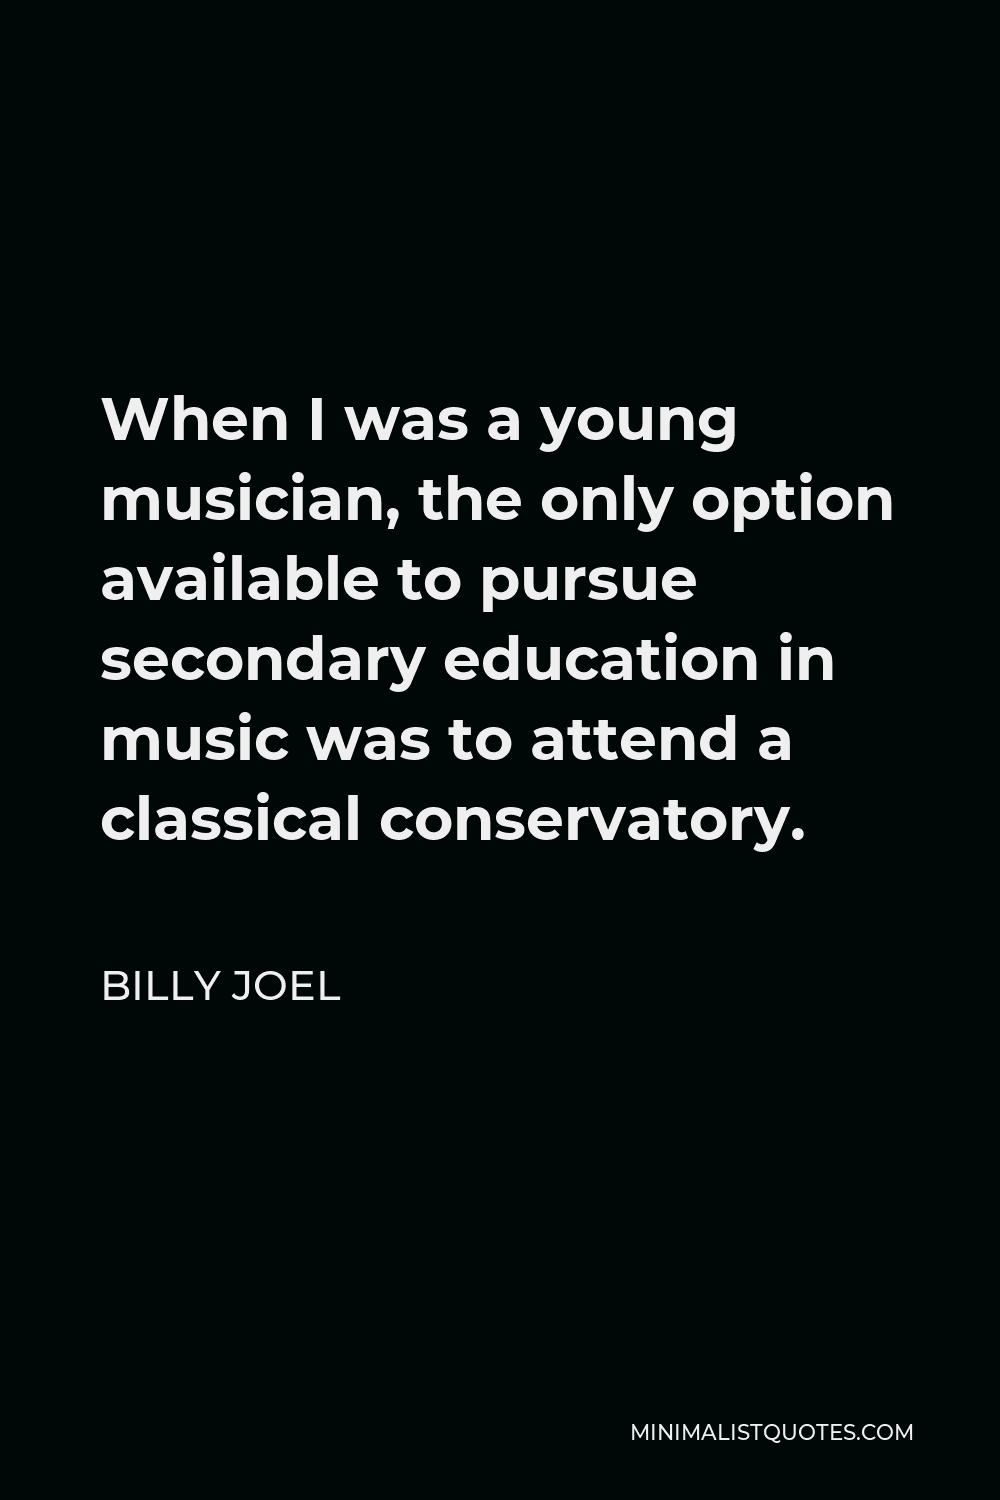 Billy Joel Quote - When I was a young musician, the only option available to pursue secondary education in music was to attend a classical conservatory.
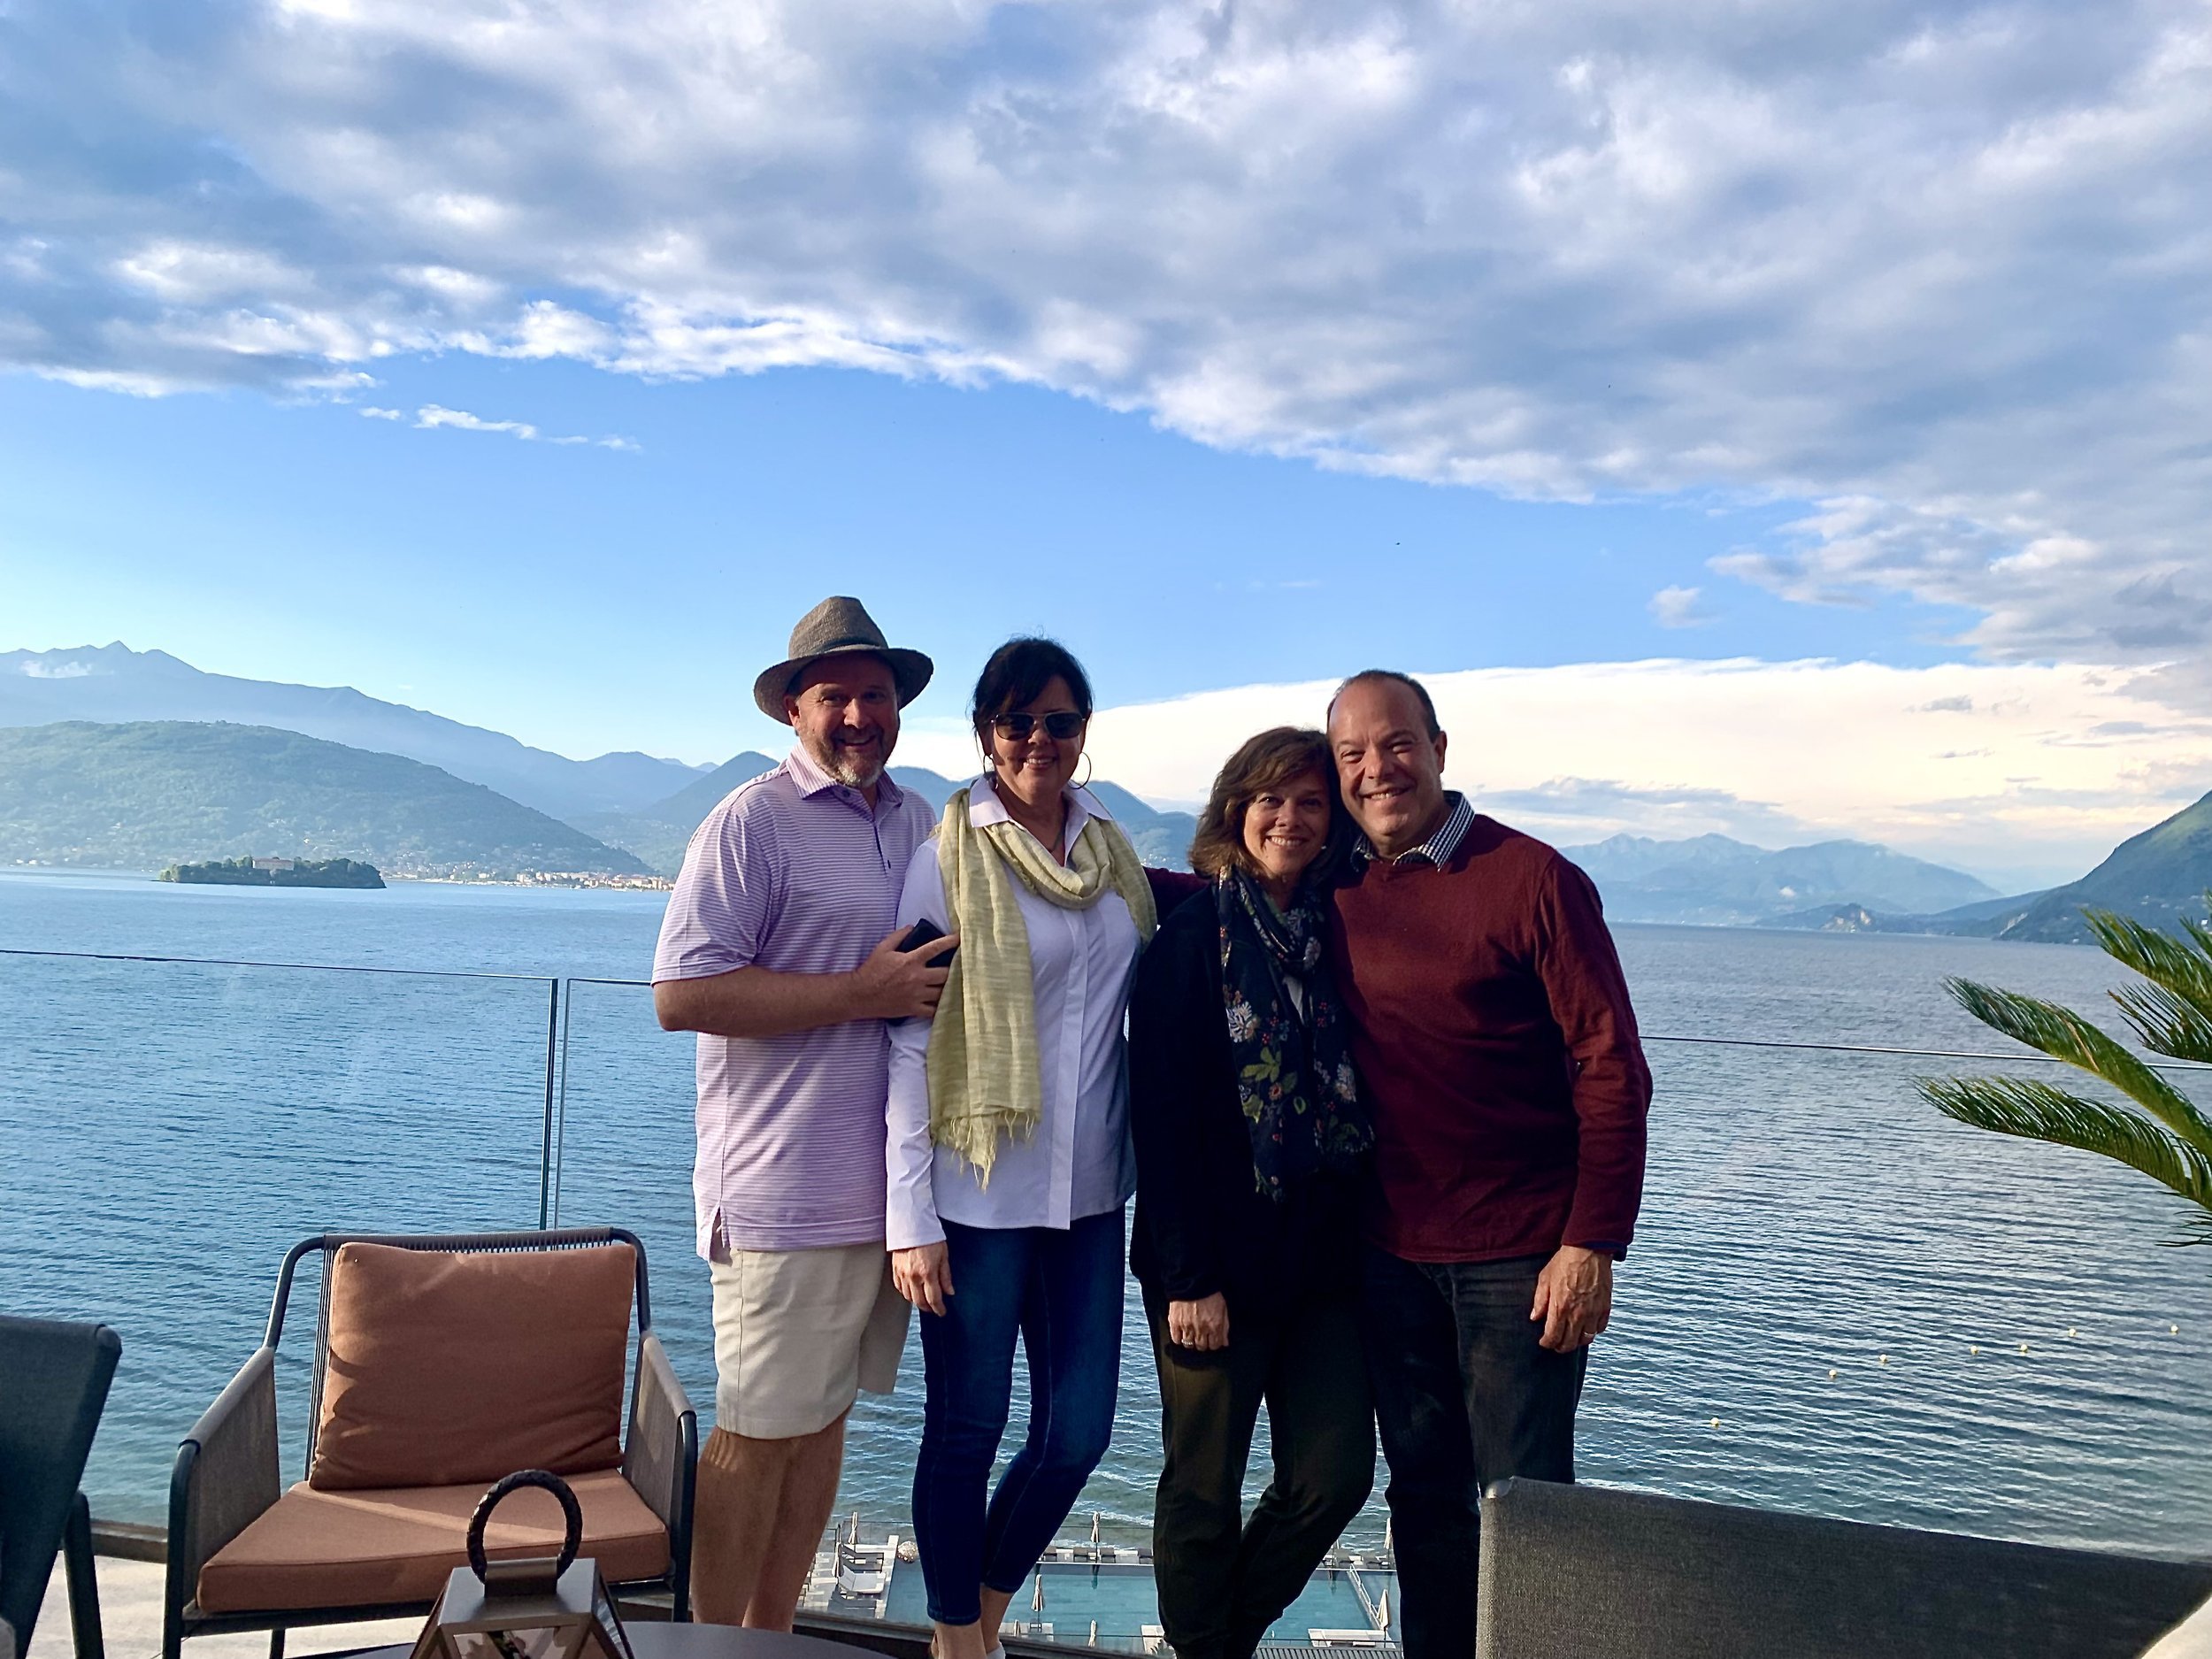 Kimber and Jimmy S. with Betsy and Greg on Lago Maggiore
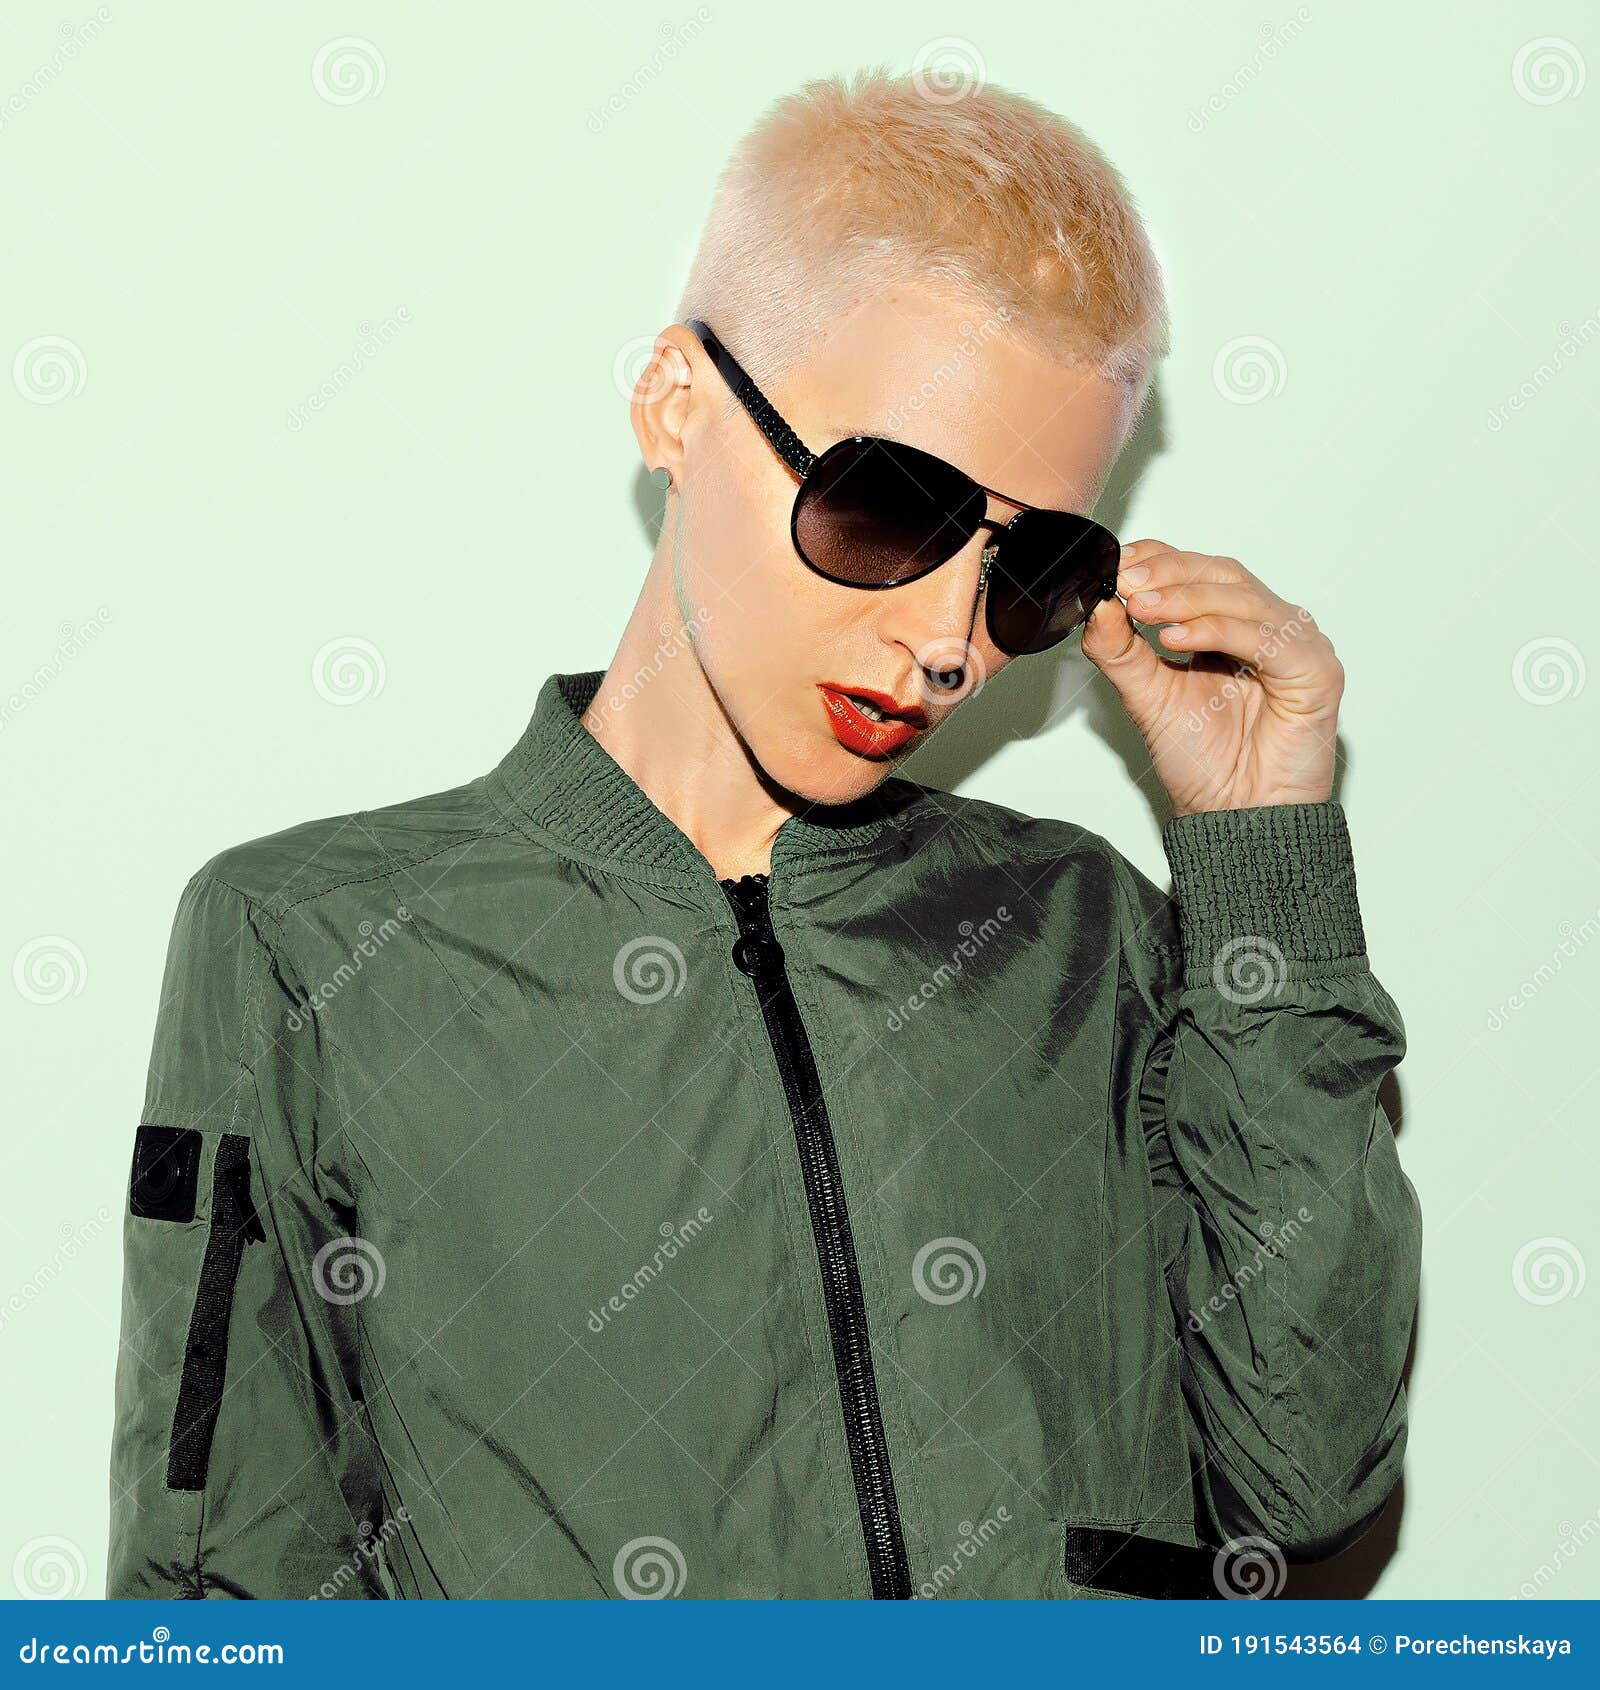 Blonde Model in Military Style and Fashion Sunglasses Stock Photo ...

= Activity =
The complete listing must be transcribed verbatim, and all pictures are to be omitted.

= Response area =
 Billy Joel Quote - When I was a young musician, the only option available to pursue secondary education in music was to attend a classical conservatory.
 Kimber and Jimmy S. with Betsy and Greg on Lago Maggiore
 Blonde Model in Military Style and Fashion Sunglasses Stock Photo ...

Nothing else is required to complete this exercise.